This tutorial explores the connection between fractal geometry and topological intentional logic. The main cluster of results we present is a class proofs of completeness of the modal logic S4,and Intuitionist Propositional Logics with respect to the following fractals: Koch Snowflake/Curve, Sierpinski Carpet, Menger Cube, which all are well known classic fractals. The main corollary of the paper is a new proof of the completeness of afore mentioned logics for most significant n-dimensional Euclidean metric topological space R, R^2 and R^3. The latter results were originally obtained by Tarski and MacKinsey in [7], and much simplified and refined by Mints et al. and van Benthem et al. [examples, variations, and refinements can be found in [1], [2] and [4]]. Our new proof uses fractal techniques, that, as we will argue is the main contribution to the topological semantics for modal logic in recent years. The completeness for both Koch Curve and other fractals and R^n are best seen as examples of the power of the fractal techniques introduced here. Another somewhat original contribution is the use of the infinite binary tree with limits, Wilson tree. We prove that such a tree is complete for S4 and related logics in several extended languages. Such proof then facilitates topological transfer onto fractals and metric spaces. Although this tree has not to our knowledge been used previously in the modal logic community, and we have introduced it independently, it has since come to our attention that the tree has been used and named in category theory by Peter Freyd sometime in the late 1980s. [We follow his naming convention in calling the tree Wilson tree. Wilson tree is obtained by a kind of model saturation technique called `sobering' from the more usual infinite binary branching tree. The name is then derived from the fact that Wilson was the founder of the 12 step recovery program.]

In this tutorial the following topics are considered.

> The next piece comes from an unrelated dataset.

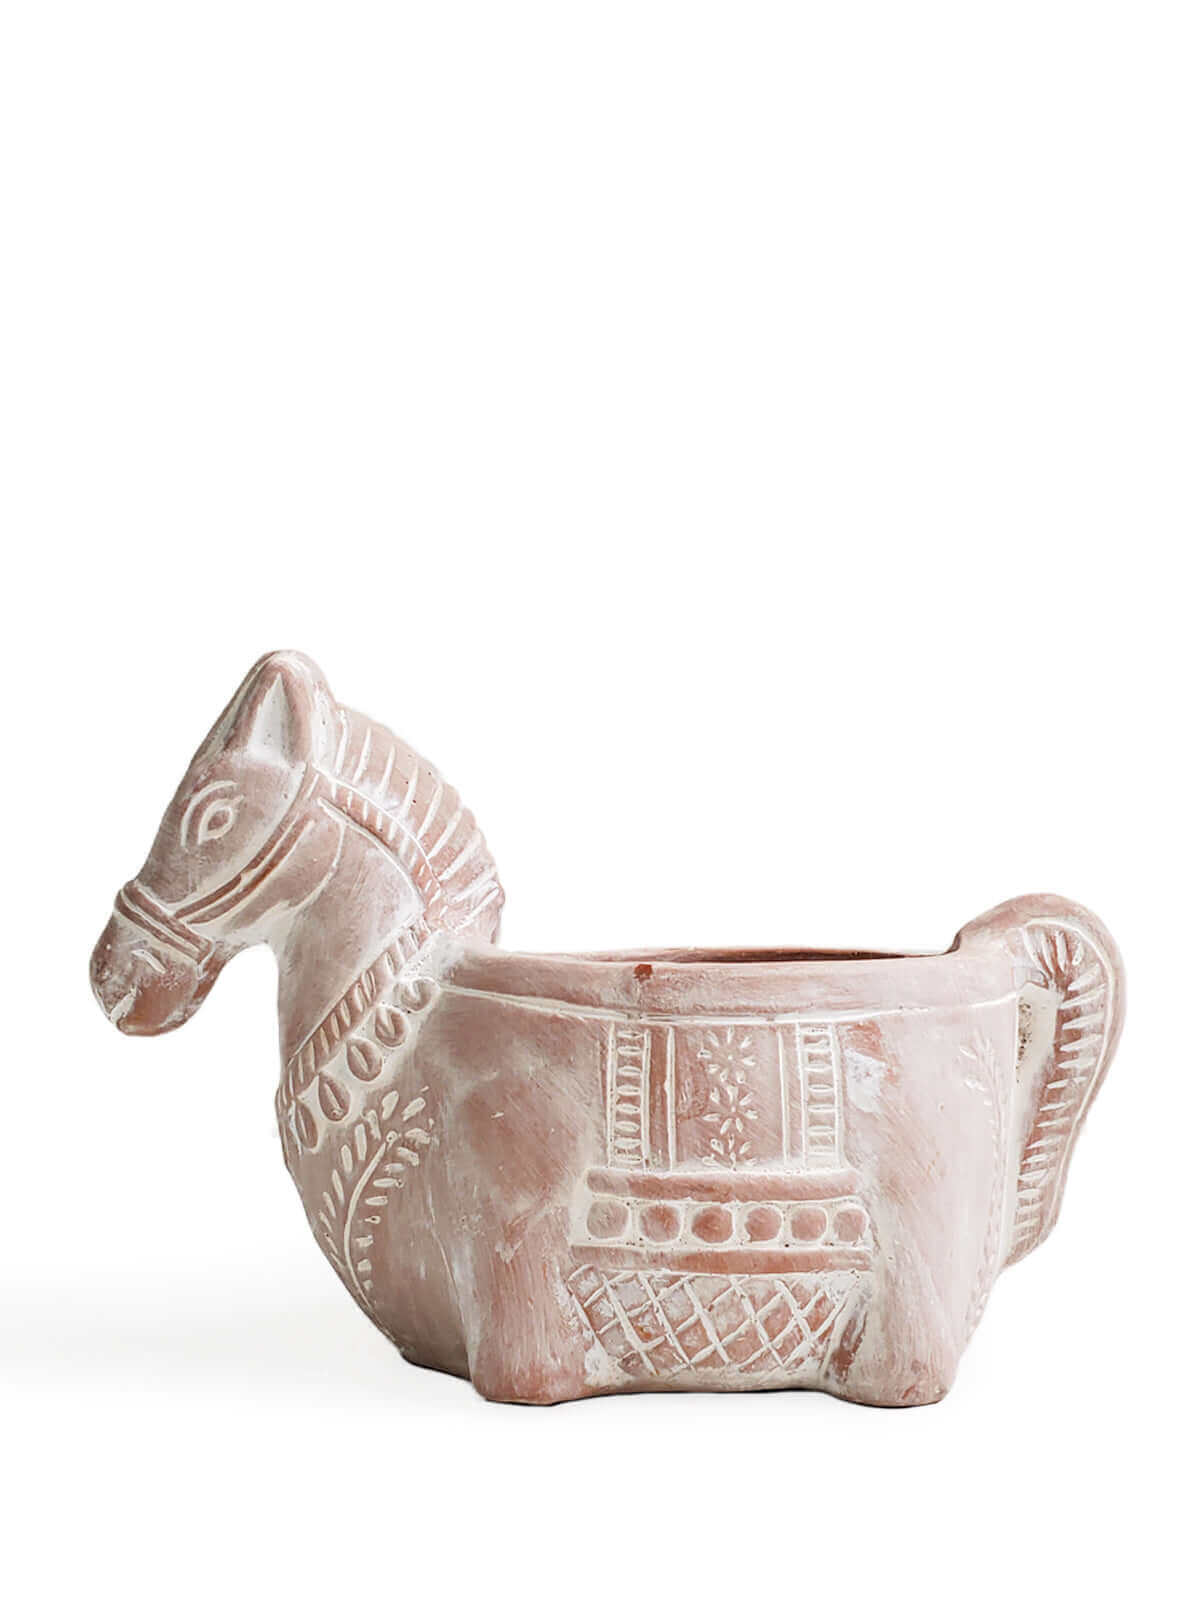 Terracotta Pot - Horse-7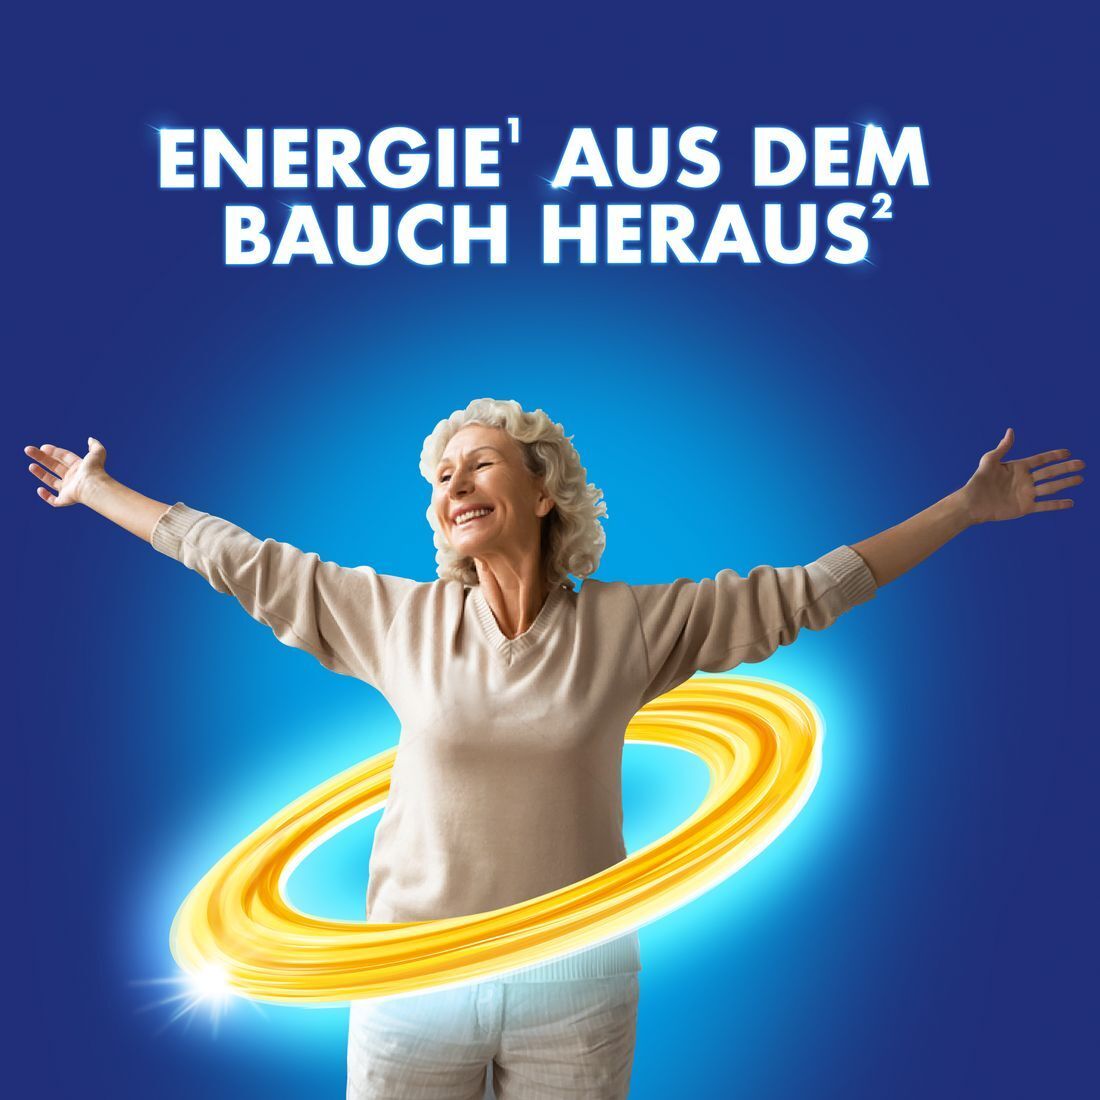 Bion® 3 50+ Energy

We begin the tutorial by placing topological techniques and the techniques of fractal geometry in the pantheon of various spatial techniques in both universal approach to logic and in the full gamut of formal approaches to reasoning about space, space-time, and spatiotemporal dynamics. In the spirit of the school on universal logic, we will be emphasizing techniques that are portable and universally applicable over particular results and systems. We continue by introducing a class of self-similar fractals and discussing their usefulness in various model-construction techniques in topological modal logic. We look at a series of well-known trees, both finite and infinite discussing their fractal nature and demonstrating their connection with well known fractals, such as for instance, Koch Flake/Curve, Sierpinsiki Carpet, Menger Cube, and many others. We then explore various topological and logical properties of fractals. We will show that each of the three fractals mentioned, Koch, Sierpinski, and Menger, is in some sense universal for a class of model theoretic or topological objects. A distant topological relative of this result was first proved by Sierpinski in the early 1920s. We will explore logical relevance of this result. In showing the relevance we will use another three called Wilson Tree. This tree--like the infinite binary branching tree--ought to be well known, but it is not. We will explore the immense usefulness of the tree in reasoning about complete metric Euclidean spaces and speculate about the reasons why the tree is not more commonly known among modal (and intensional) logicians. As we mention in the introduction above, after we reinvented the tree, it turned out to be a rather standard object in Category Theory. We will explore some connections between results in category theory by P. Freyd and A. Scedrov and some well known results in topological semantics.

We will conclude the tutorial by looking at the class of intensional logics, (S4, S4u, S4 + time, Int. Logic, etc.) to which the fractal techniques introduced here apply. If we have some extra time, we will look at a recently introduced Probabilistic Modal Logics of Dana Scott.